**Source data**.
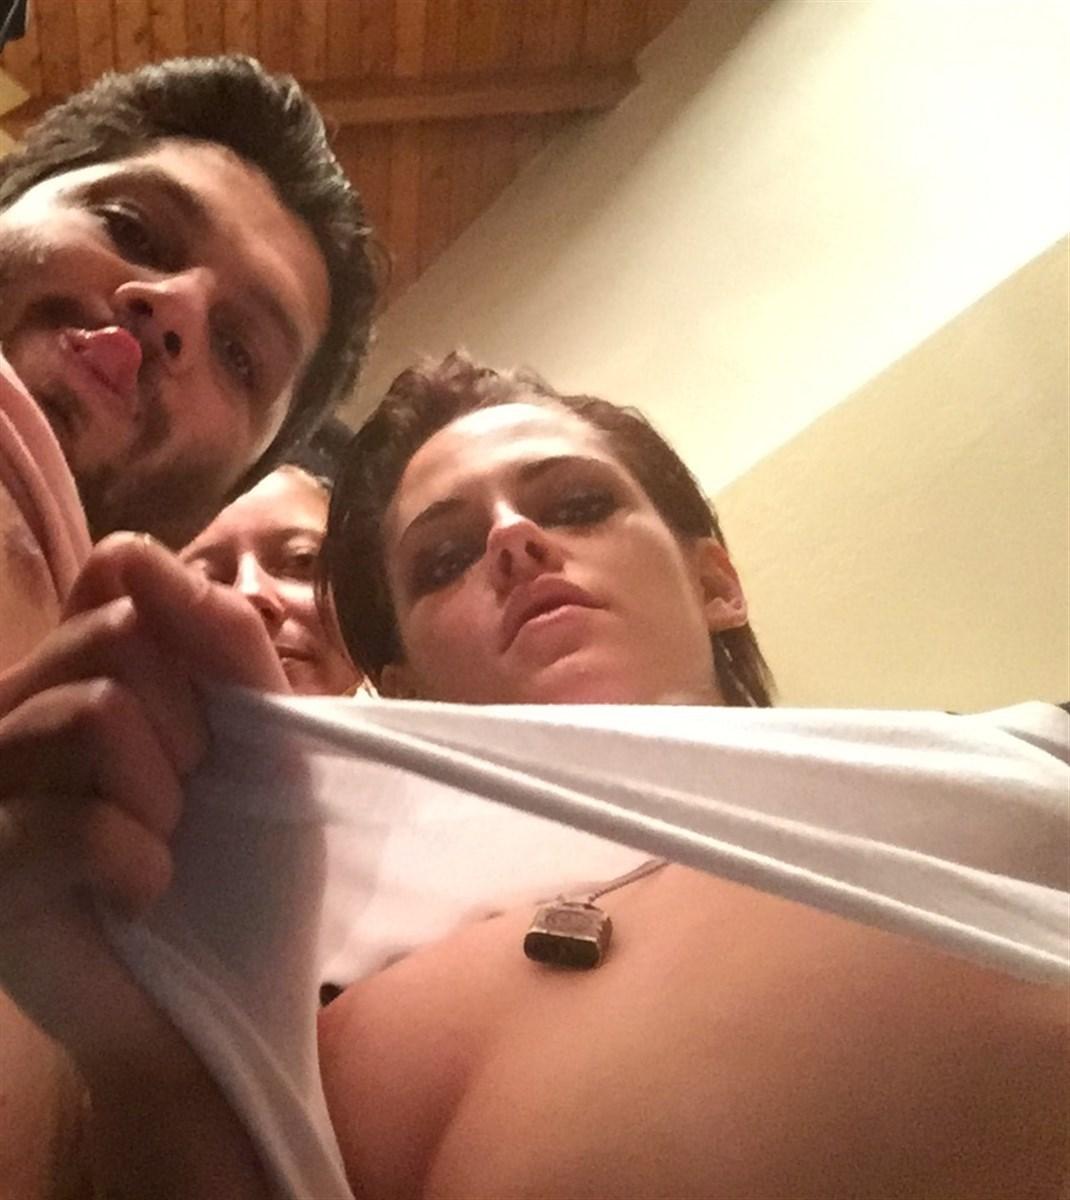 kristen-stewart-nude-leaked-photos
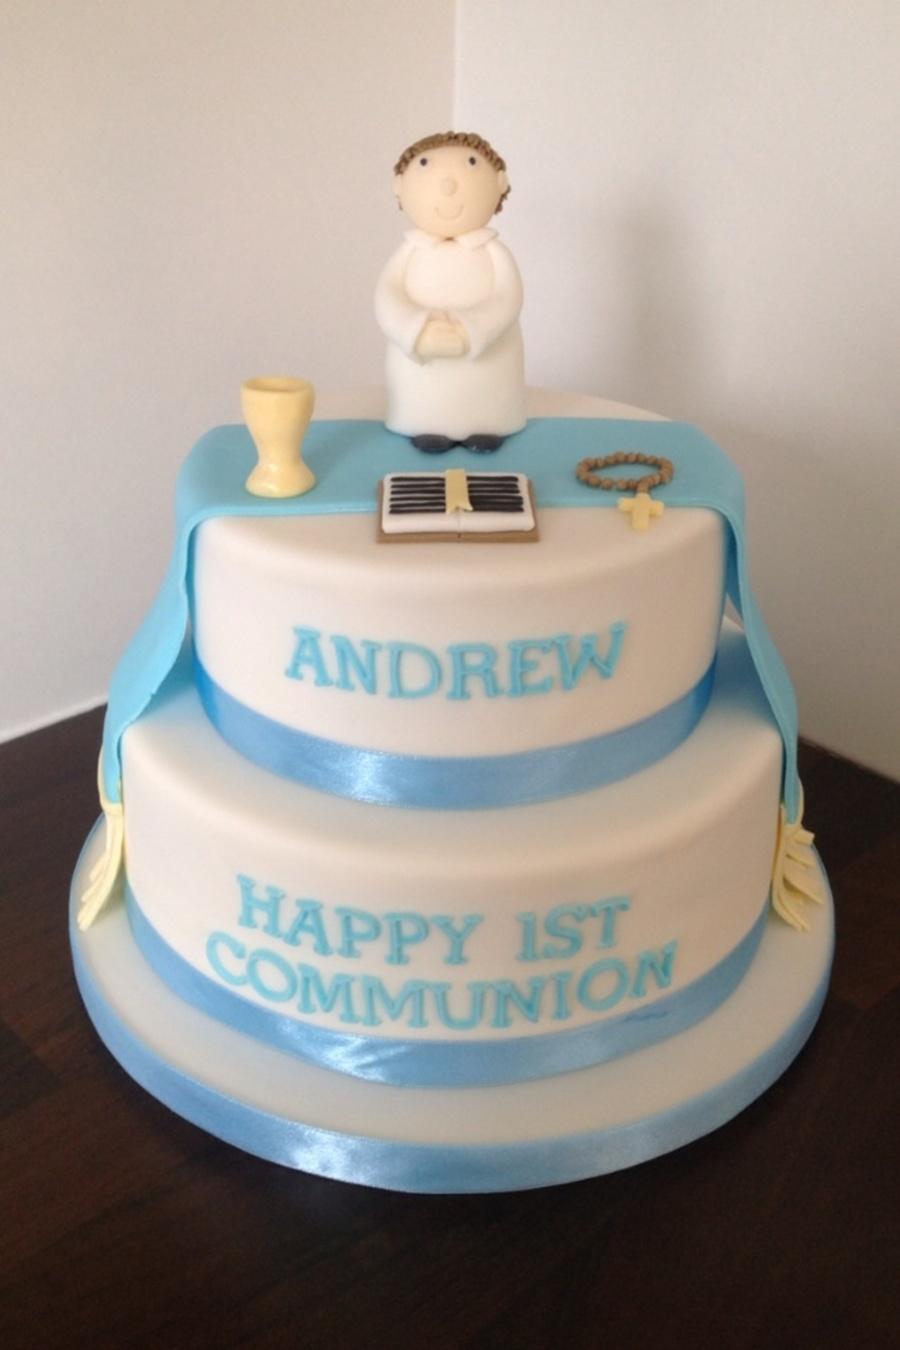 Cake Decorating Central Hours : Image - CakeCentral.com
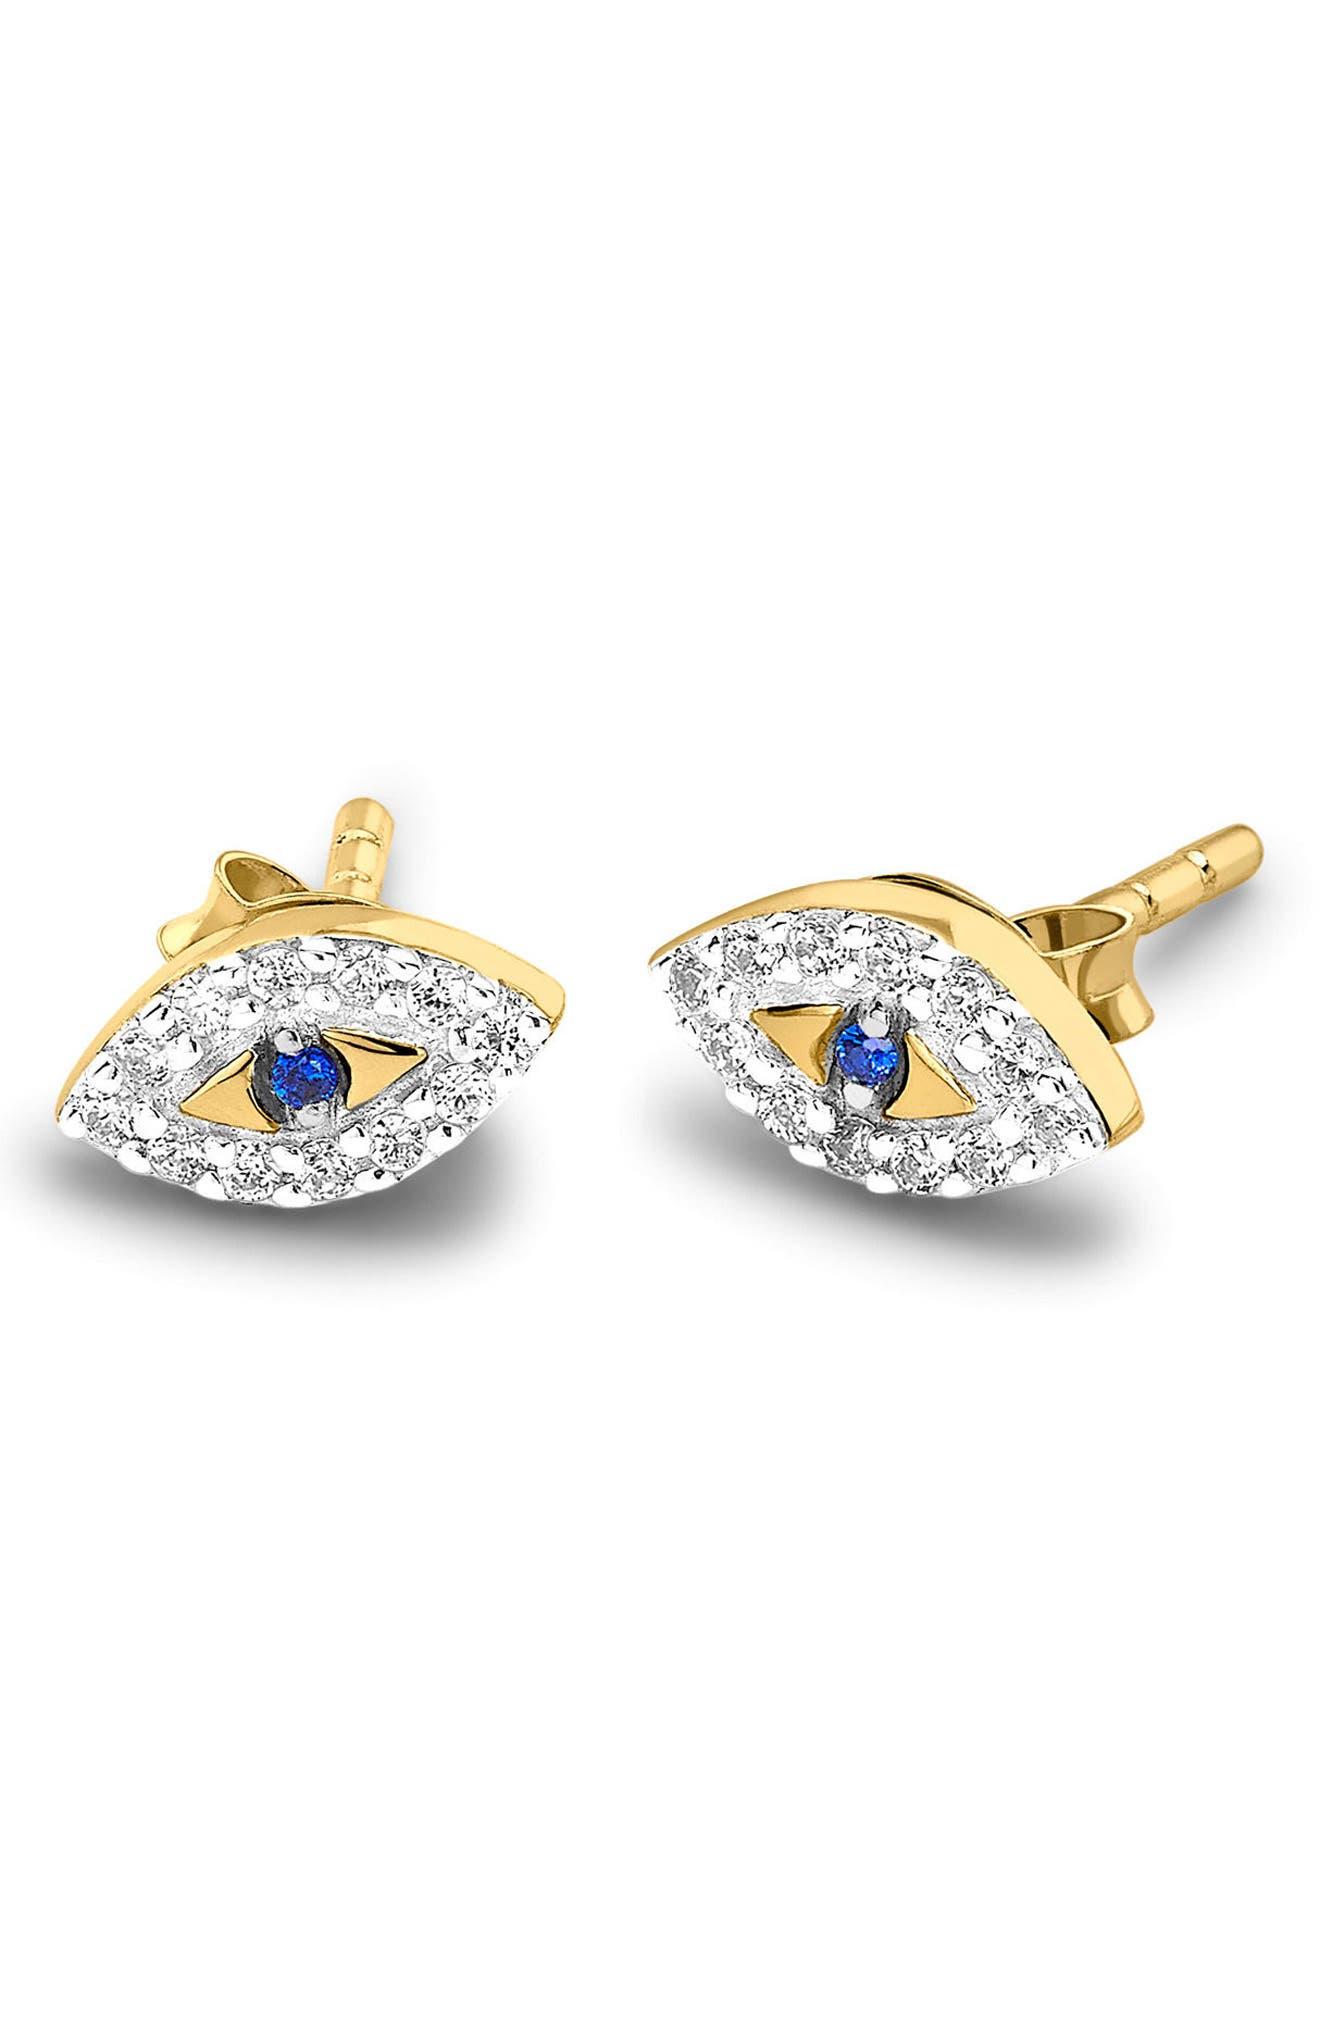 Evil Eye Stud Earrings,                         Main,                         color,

**What to do**.
Restate the data above word for word. Skip every picture.

**Expected answer**.
 kristen-stewart-nude-leaked-photos
 Cake Decorating Central Hours : Image - CakeCentral.com
 Evil Eye Stud Earrings,                         Main,                         color,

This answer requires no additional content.